A closet contains 10 pairs of shoes. If 8 shoes are randomly selected, what is the probability that there will be

  1. no complete pair;
  2. exactly one complete pair

I solved them as follows:

Problem 1

  • 1st shoe can be anyone out of 20: $\frac{20}{20}$
  • 2nd shoe can be anyone out of remaining 19 except the one forming pair with previously selected shoe: $\frac{18}{19}$
  • 3rd shoe can be anyone out of remaining 18 except those forming pair with previously selected shoes: $\frac{16}{18}$

and so on till we choose 8 shoes.
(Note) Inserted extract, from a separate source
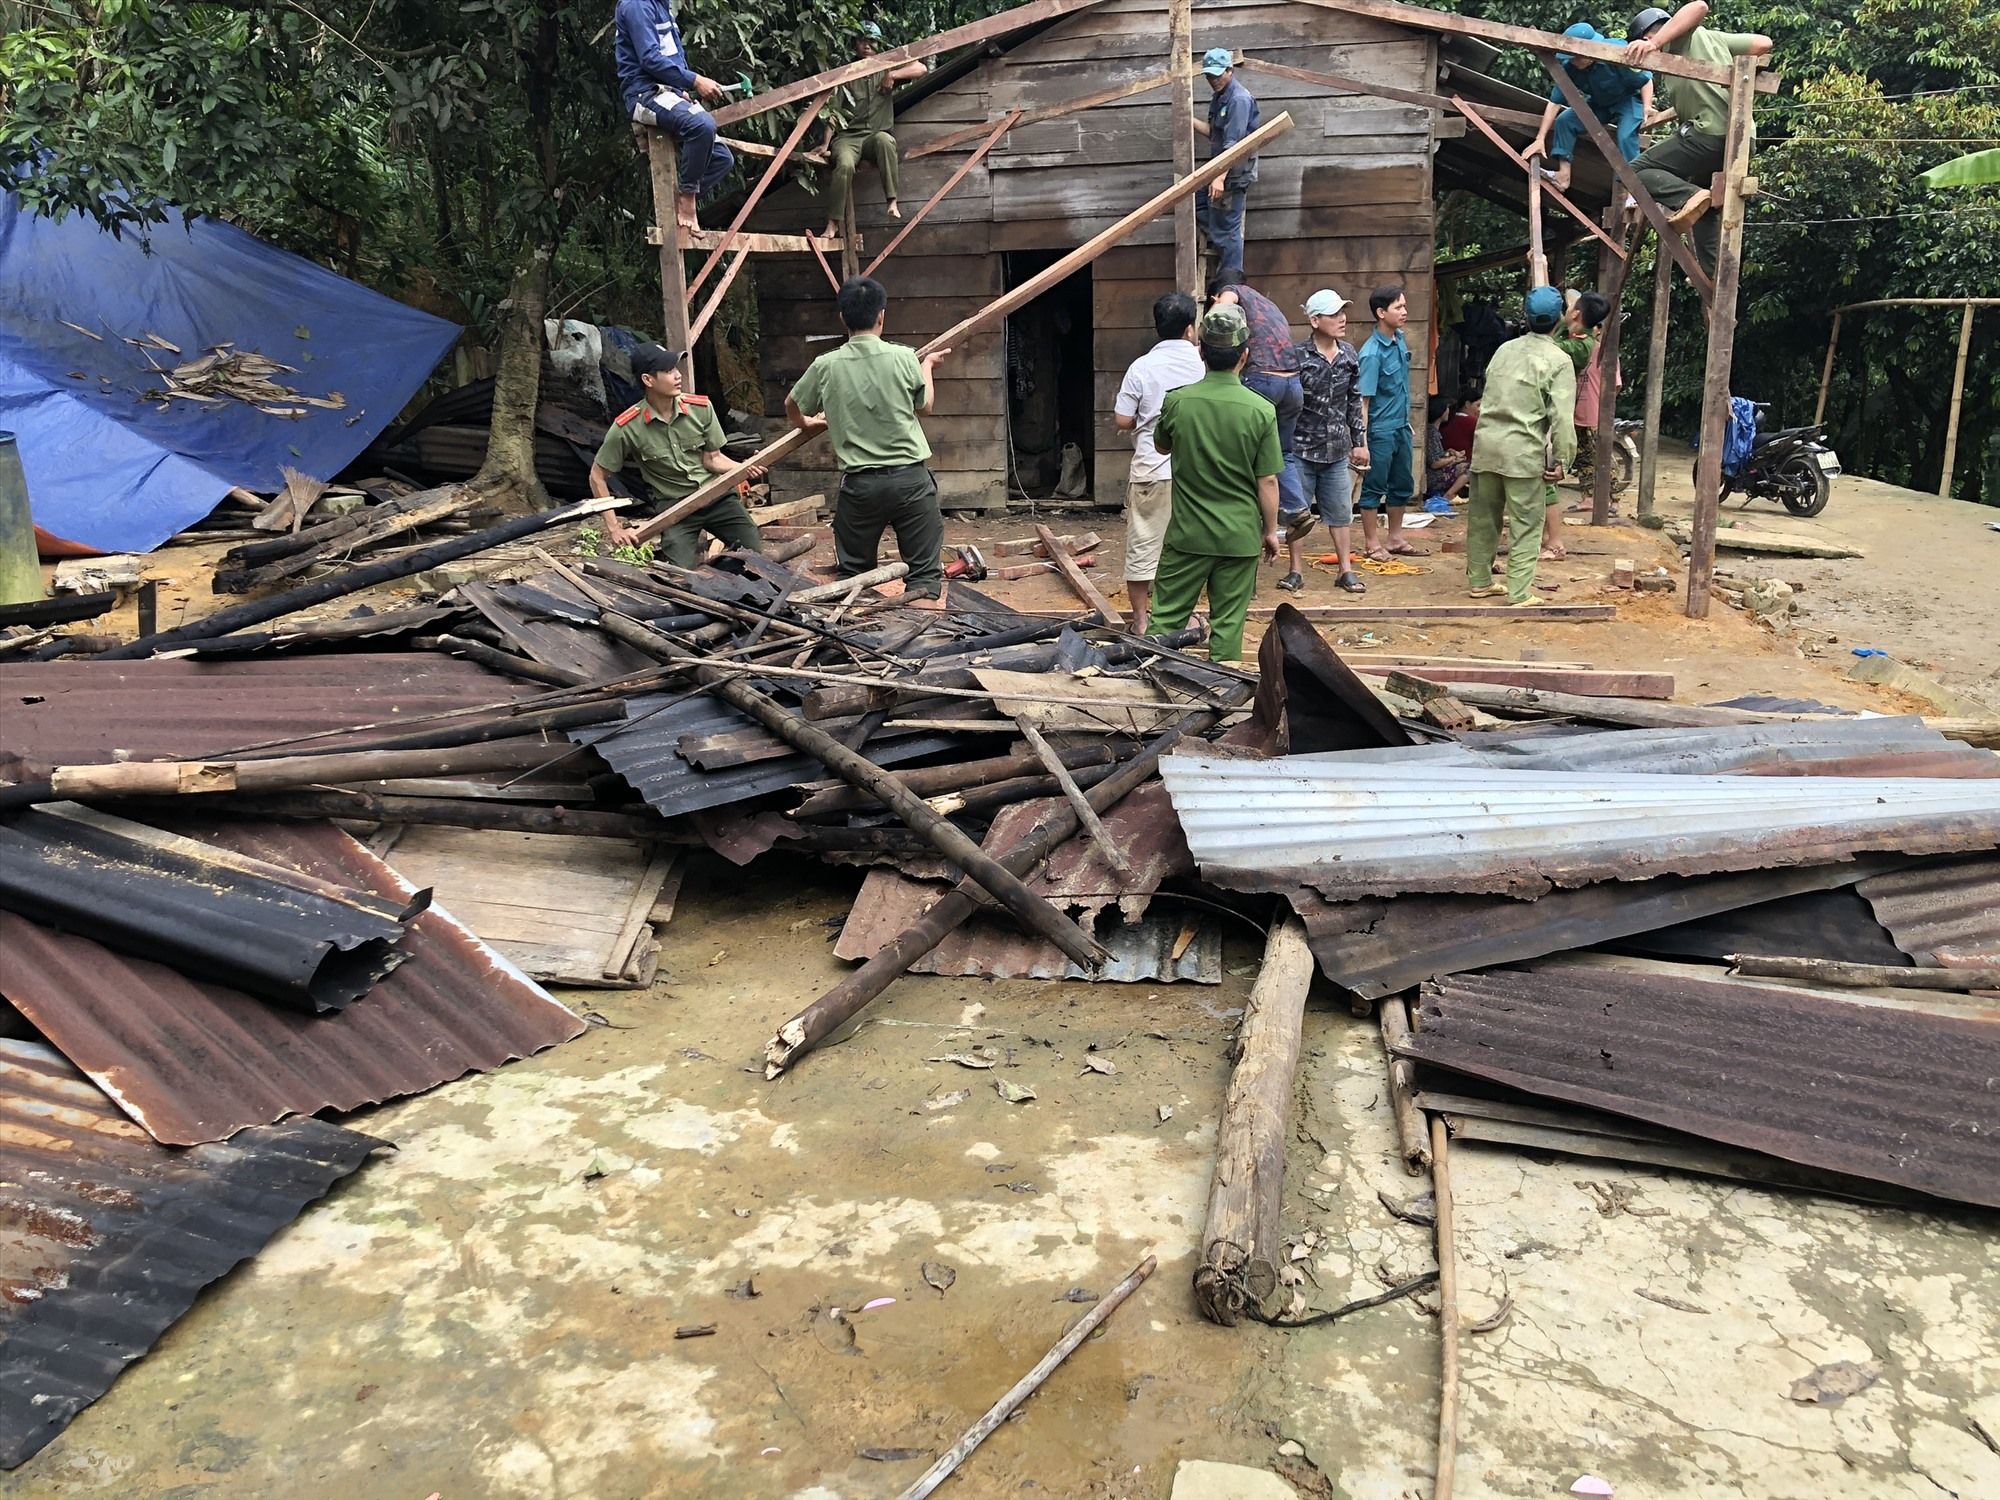 Cán bộ, chiến sĩ Công an cùng người dân dựng lại nhà cho một hộ dân ở xã Phước Đức (Phước Sơn). Ảnh: M.T

We need to take multiplication of all, leading to $\frac{20\times18\times16\times14\times12\times10\times8\times6}{20\times19\times18\times17\times16\times15\times14\times13}=0.091$

Problem 2

Following same logic of problem 1,

  • 1st shoe can be any one out of 20: $\frac{20}{20}$
  • 2nd show should be the one forming pair with 1st one
  • 3rd shoe can be any one out of remaining 18: $\frac{18}{18}$
  • 4th show can be any one out of remaining 17 except the one forming pair with previously selected one: $\frac{16}{17}$

and so on till we choose 8 shoes. We need to take multiplication of all, leading to $\frac{20\times1\times18\times16\times14\times12\times10\times8}{20\times19\times18\times17\times16\times15\times14\times13}=0.015$

It turns out that the solution to first problem is correct, but the solution to second problem is incorrect. Its given as follows: $\frac{\binom{10}{1}\binom{9}{6}\color{red}{\frac{8!}{2!}}2^6}{20\times19\times18\times17\times16\times15\times14\times13}$

I understand we can select one pair out of 10 in $\binom{10}{1}$ ways. We select both shoes from this pair. Then we can select six pairs out of remaining nine in $\binom{9}{6}$ ways. We can select any one out of two shoes of each of six pairs in $2^6$ ways. But I dont understand from where $\frac{8!}{2!}$ came.

Edit

The solution given at the back of the book is $0.4268$. But books solution manual solves it as $\frac{\binom{10}{1}\binom{9}{6}\color{red}{\frac{8!}{2!}}2^6}{20\times19\times18\times17\times16\times15\times14\times13}$ which I just checked to be equal to $0.2133$. This pdf gives the solution as $\frac{\binom{10}{1}\binom{9}{6}\times 2^6}{\binom{20}{8}}$ which matches with $0.4268$. So now I am guessing what is correct answer and how can I get the answer for problem 2 by following same approach as I followed for problem 1.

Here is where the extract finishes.